Врачевательница ежедневно натирала их загадочными мазями и поила настоями из трав, неизвестных даже Тарзану. Некоторые из настоев человек-обезьяна наотрез отказывался пить, потому что от них пахло спиртным, а Джек, который не имел ничего против запаха алкоголя, говорил, что в сравнении с этими снадобьями даже свежая лава показалась бы холодноватой.

Тарзану не терпелось снова пуститься в путь, но Лао велела белым людям остаться в деревне до полной луны, и человек-обезьяна подчинился, не желая обидеть женщину, спасшую ему жизнь. Впрочем, ждать оставалось уже недолго, а гостить в селении Човамби было приятно.

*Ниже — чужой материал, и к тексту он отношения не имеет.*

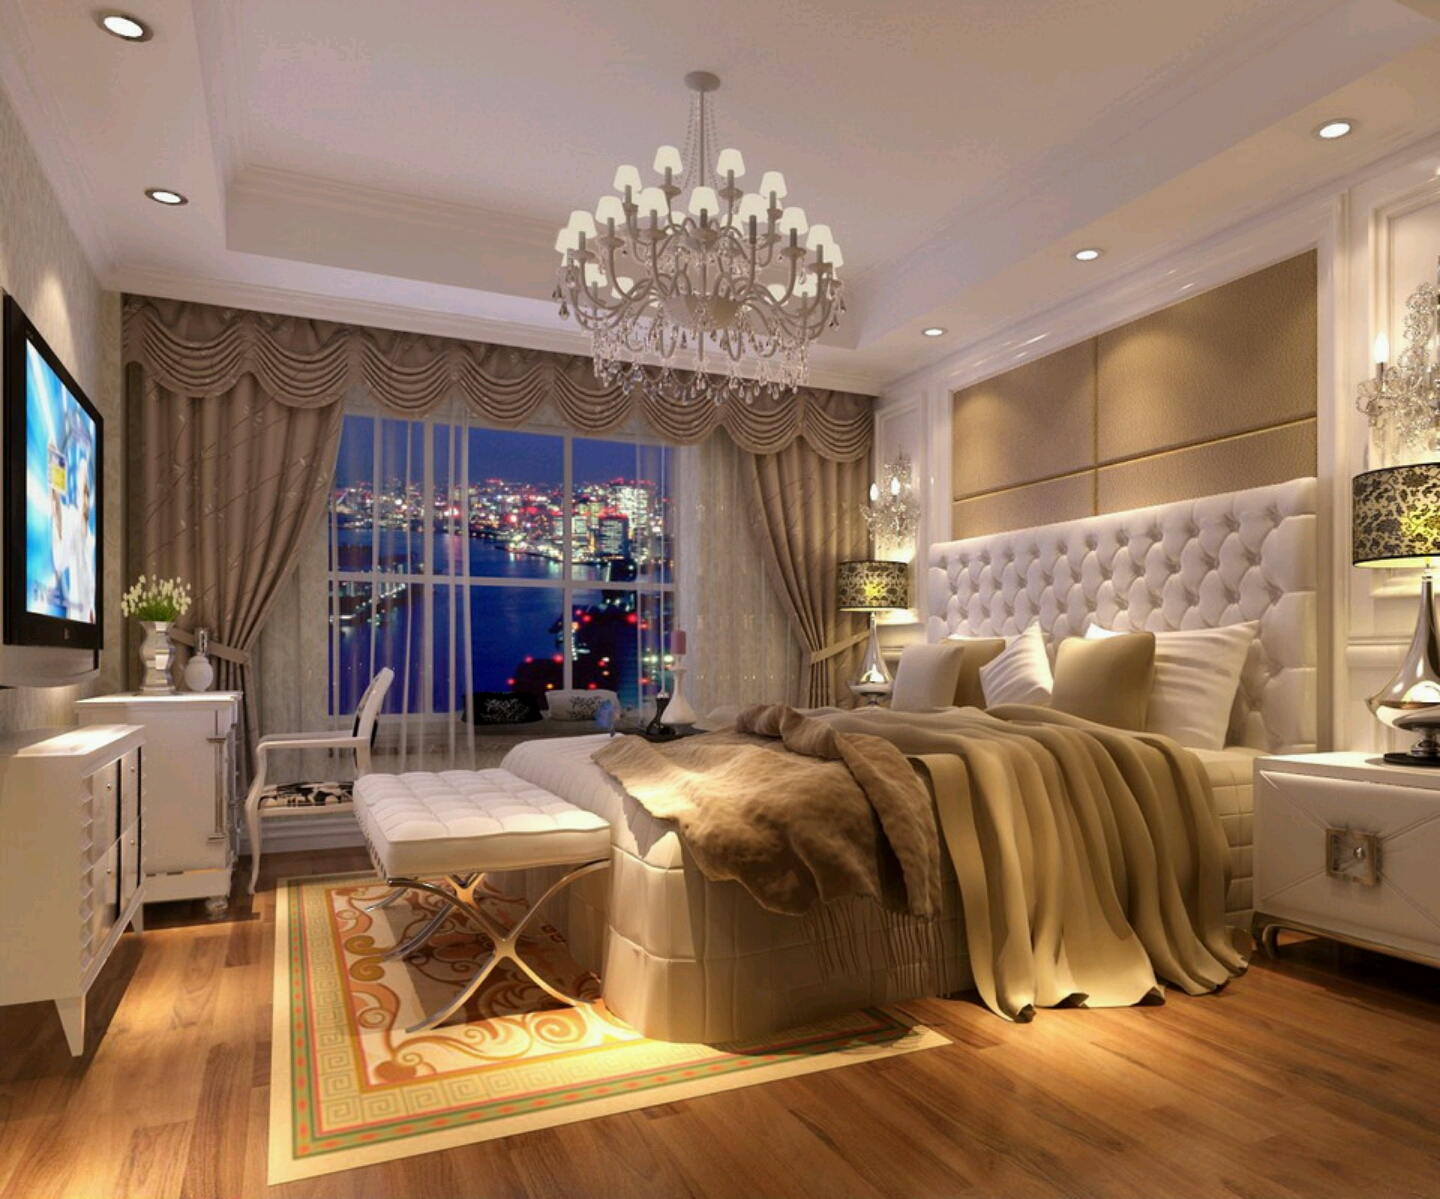 Desain Rumah Minimalis: Modern bedrooms designs ceiling designs ideas.

Тарзан охотился вместе с воинами вождя, поражая всех своей силой и способностью легко, как белка, прыгать по деревьям. Ребятишки с разинутыми ртами ходили за черноволосым богатырем, рассказывая друг другу истории о его подвигах — сражении с каннибалами, убийстве пантеры-людоеда и битве с чудовищным крокодилом. Скупые ответы человека-обезьяны на вопросы Човамби превращались в устах здешней детворы в эпические поэмы вроде «Илиады» и «Одиссеи».

Больше остальных был поражен способностями Тарзана светлокожий двенадцатилетний Лакоми, который упорно пытался научиться лазать и скакать по деревьям так же ловко, как это делал воспитанник Калы. Гибкий русоволосый сероглазый мальчишка не ведал страха перед высотой, несколько раз человек-обезьяна подхватывал его в последний миг, когда подросток летел вниз с оборвавшейся лианы или сломавшейся ветки.

Човамби рассказал Тарзану, что отцом Лакоми был белый авантюрист, охотник за слоновой костью, а мать мальчика — изгнанная своим племенем полукровка — погибла по дороге в эти края. Лакоми явно унаследовал от отца не только цвет кожи, волос и глаз, но и его бесстрашие и предприимчивость. Лесной богатырь не знал, как сладить с этим чертенком, пытающимся свернуть себе шею на каждом высоком дереве в окрестных джунглях.

К счастью, вскоре внимание Лакоми невольно отвлек Арно.

Лекарства Лао настолько залечили пострадавшую в стычке с пантерой левую руку Джека, что, желая полностью прийти в форму, Арно начал вести «бои с тенью», очень забавлявшие жителей деревни. Подданные Човамби понятия не имели о боксе, и наконец самый высокий из воинов, Бузули, вызвал белого помериться силой.

Посмотреть на дружеское состязание собралась вся деревня. Все заранее сочувствовали другу Тарзана: Бузули мог завалить в одиночку даже крупную антилопу бонго, где уж худощавому белому юноше справиться с таким богатырем! Наверняка их поединок не продлится и двух минут…

Так и случилось.

Не прошло и двух минут, как могучий охотник шлепнулся на землю, широко разевая рот в напрасной попытке вдохнуть после нескольких молниеносных ударов по ребрам. Джек похлопал его по спине и спросил, отдышится ли он сам или послать за Лао?

Бузули отдышался сам, а Лакоми после этого начал ходить по пятам за Джеком, горя желанием научиться драться так, как дерутся белые люди.

Но Арно предложил мальчику развлечение получше.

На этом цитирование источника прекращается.